Penulisan riset sosial yang baik dimulai dengan
penulisan yang baik, dalam arti, perihal terpenting adalah penulisan yang “meng-komunikasi-kan”
bukan yang “mengesankan”. Dengan kata lain, mempertimbangkan maksud dari
tulisan penelitian berikut kapasitas pembaca merupakan hal yang harus dilakukan.

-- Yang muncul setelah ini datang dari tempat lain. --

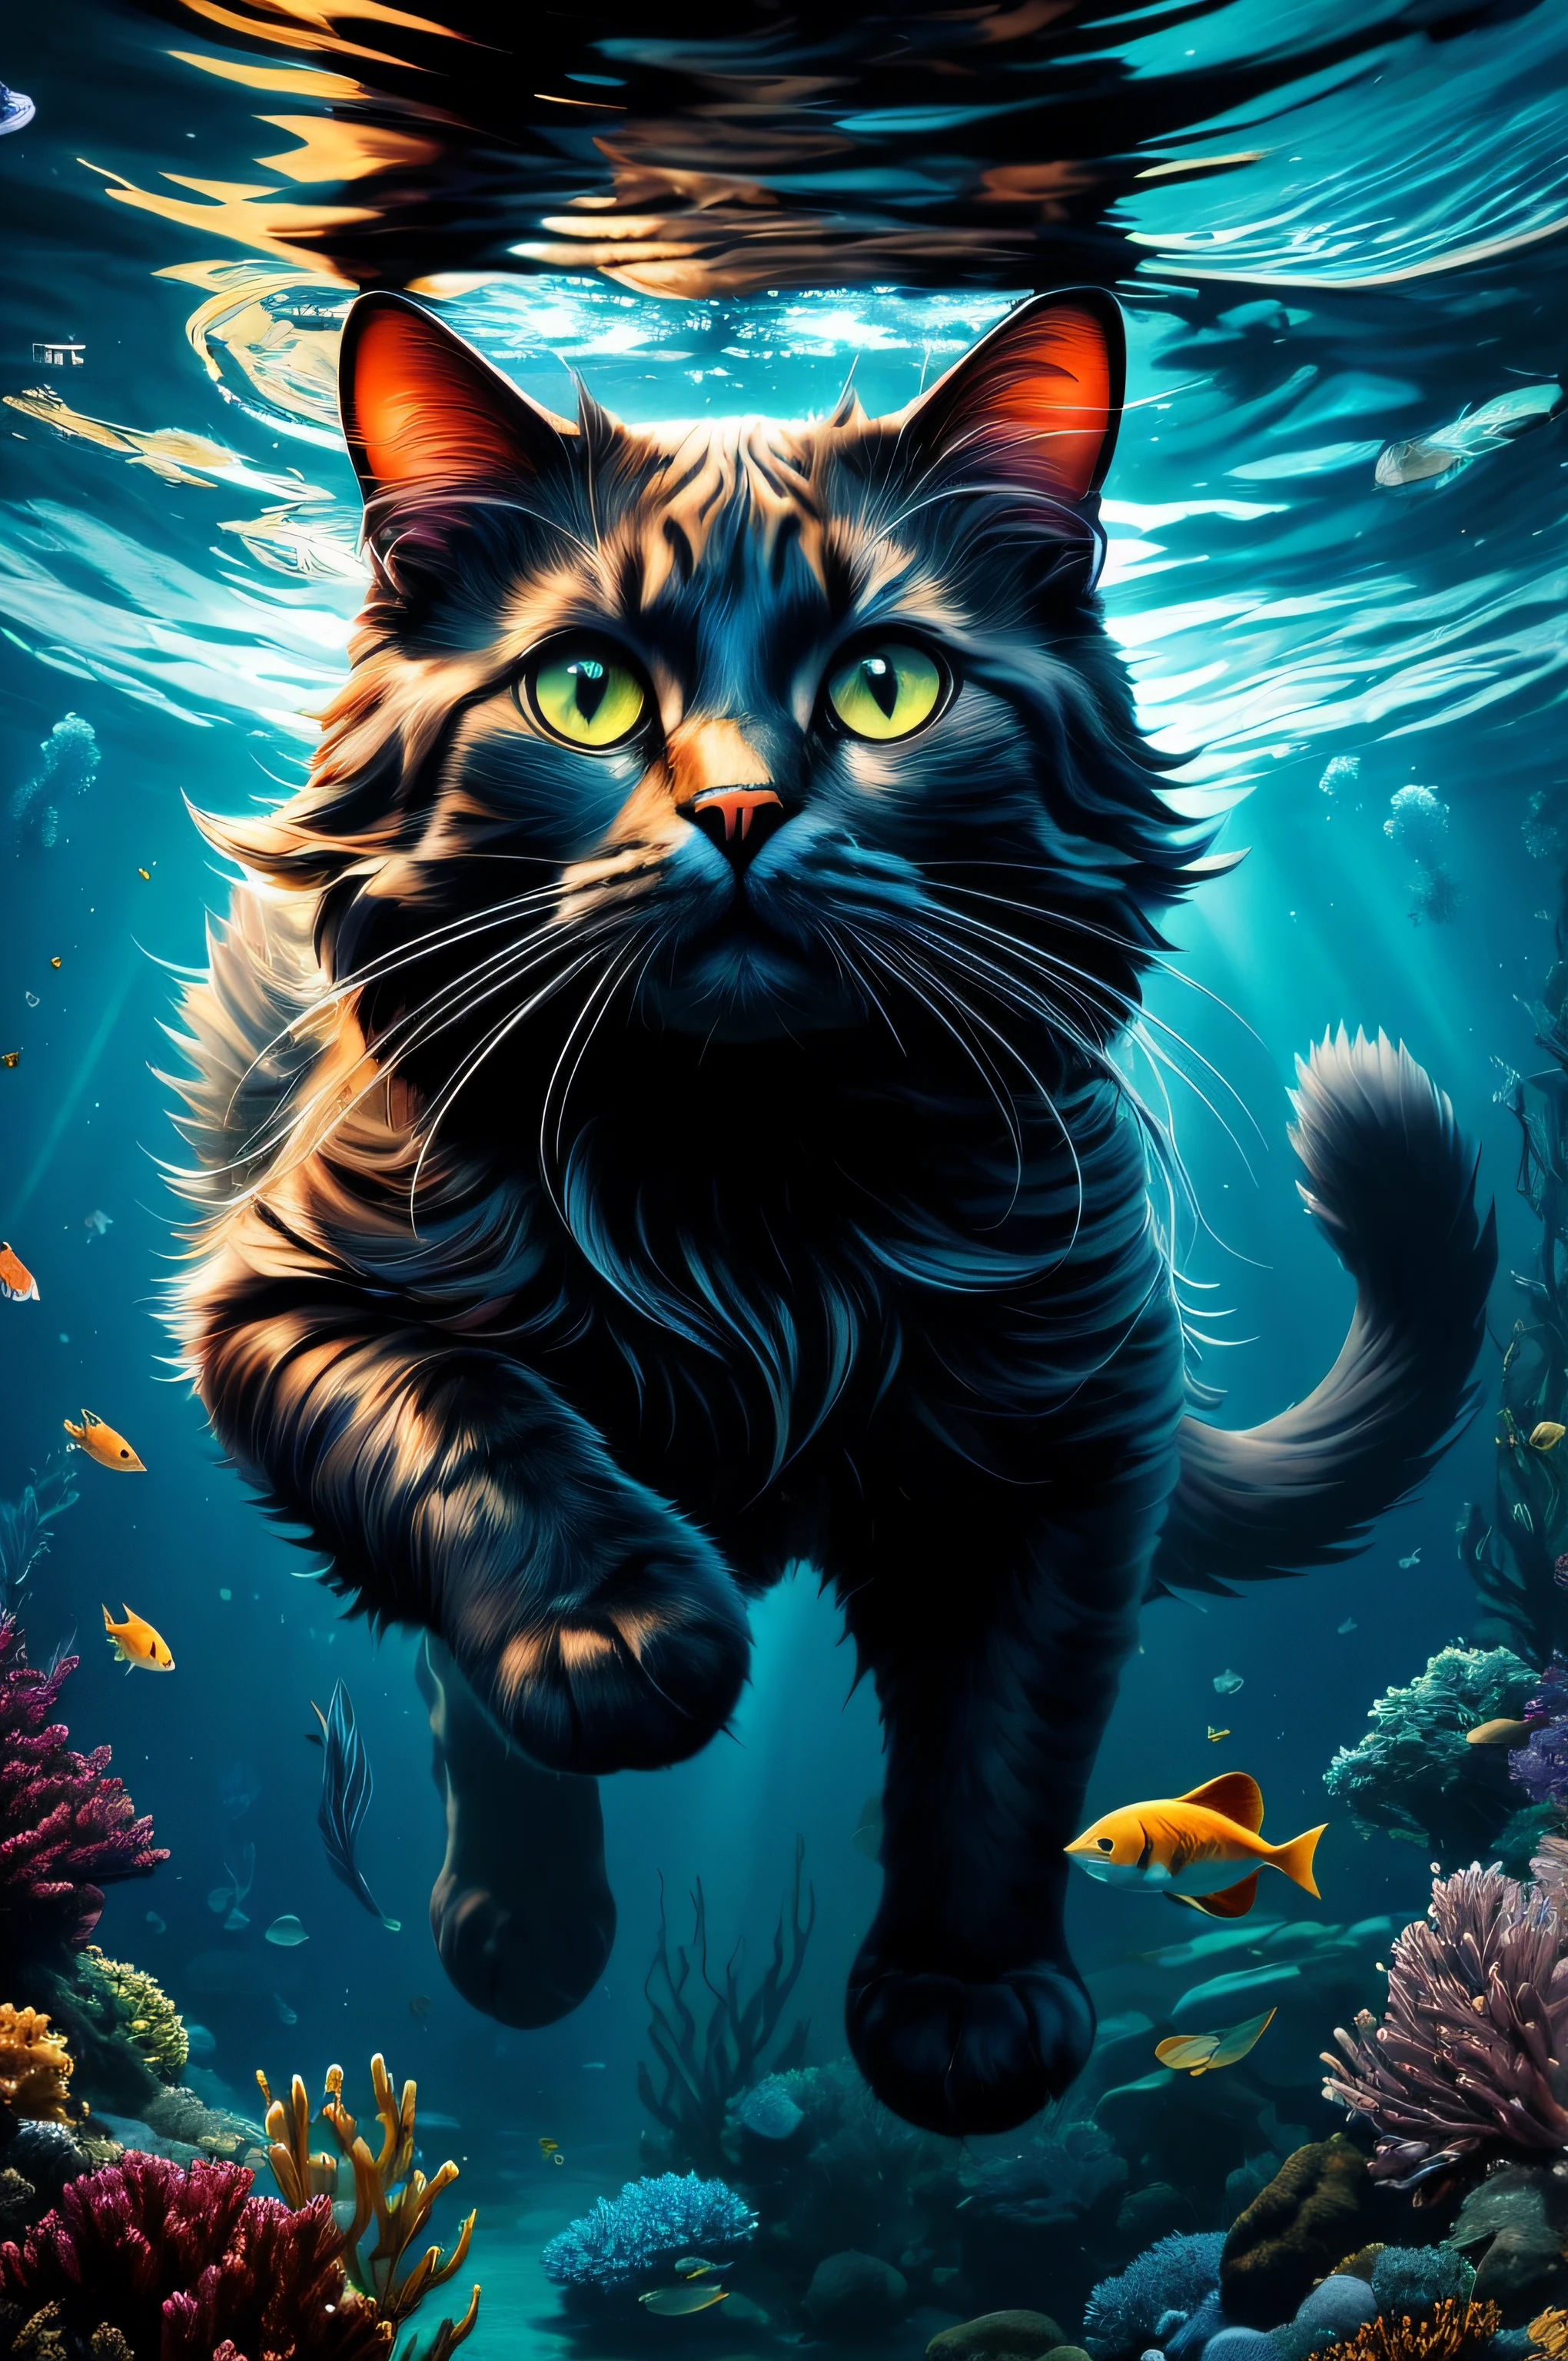 물속에 물고기가 있는 고양이 그림, 멋진 고양이, 고양이. 디지털 페인트, 매우 상세한 4K 디지털 아트, 종이 멋진 벽지, 액체 고양이, 4K 벽지, 4K 벽지, 4K HD 벽지가 매우 상세함, 상세한 4K 디지털 아트, 고양이가 물 속에서 수영하다, 고양이 해마 변신술, 아름다운 디지털 아트, 고품질 벽지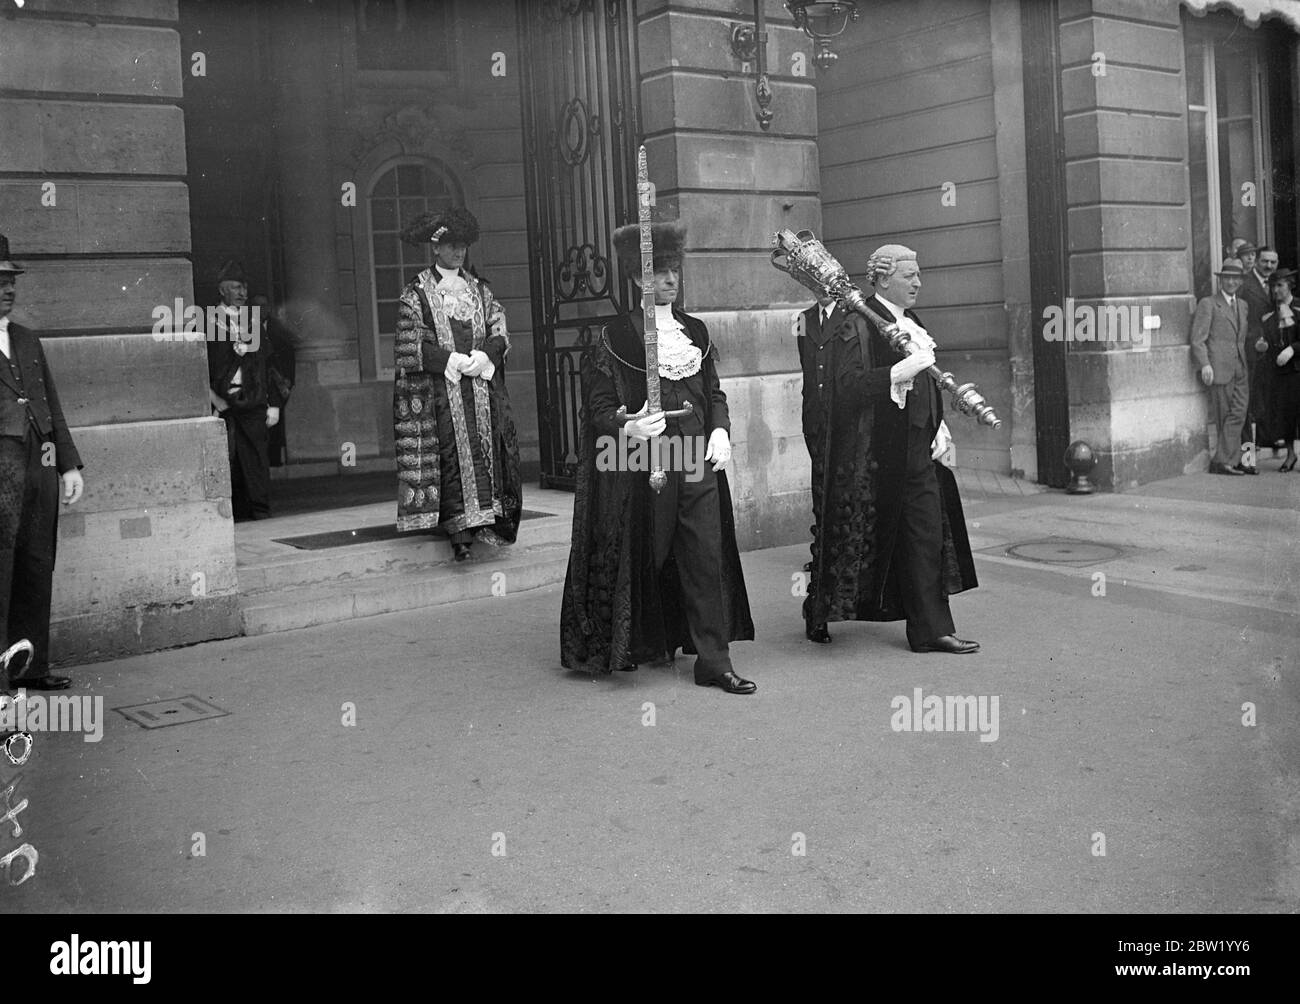 Lord Mayor of London, Sir George Broadbridge, visite spéciale à Paris pour ouvrir le pavillon britannique. Photos: Lord Mayor quittant l'hôtel Ritz avec le Sword Bearer et le Crier commun / Mace Bearer] 18 juin 1937 Banque D'Images

Menghindari plagiarisme juga menjadi hal yang esensial dalam penulisan, yakni menyajikan
pernyataan atau pemikiran orang lain tanpa menyertakan identitas mereka. Lebih
jauh, laporan penelitian syarat berisi sejumlah desain studi dan hasil
penelitian. Tentunya, analisis di setiap tahapan harus jelas, sedang kesimpulan
yang diberikan syarat spesifik tanpa harus terlampau detail. Di sisi lain,
untuk menulis laporan yang baik, penulis kudu
menyediakan detail catatan, mengintegrasi berbagai bahan pendukung dan
menggambarkan kesimpulan yang ekplisit (jelas). Pada akhirnya, penulis dapat mempresentasikannya
dalam forum profesional serta mempublikasikannya dalam suatu jurnal ilmiah.
*****
Referensi:
§
Babbie,
Earl. 2007. The Practice of Social
Research (11th Edition). USA: Thomson Wadsworth.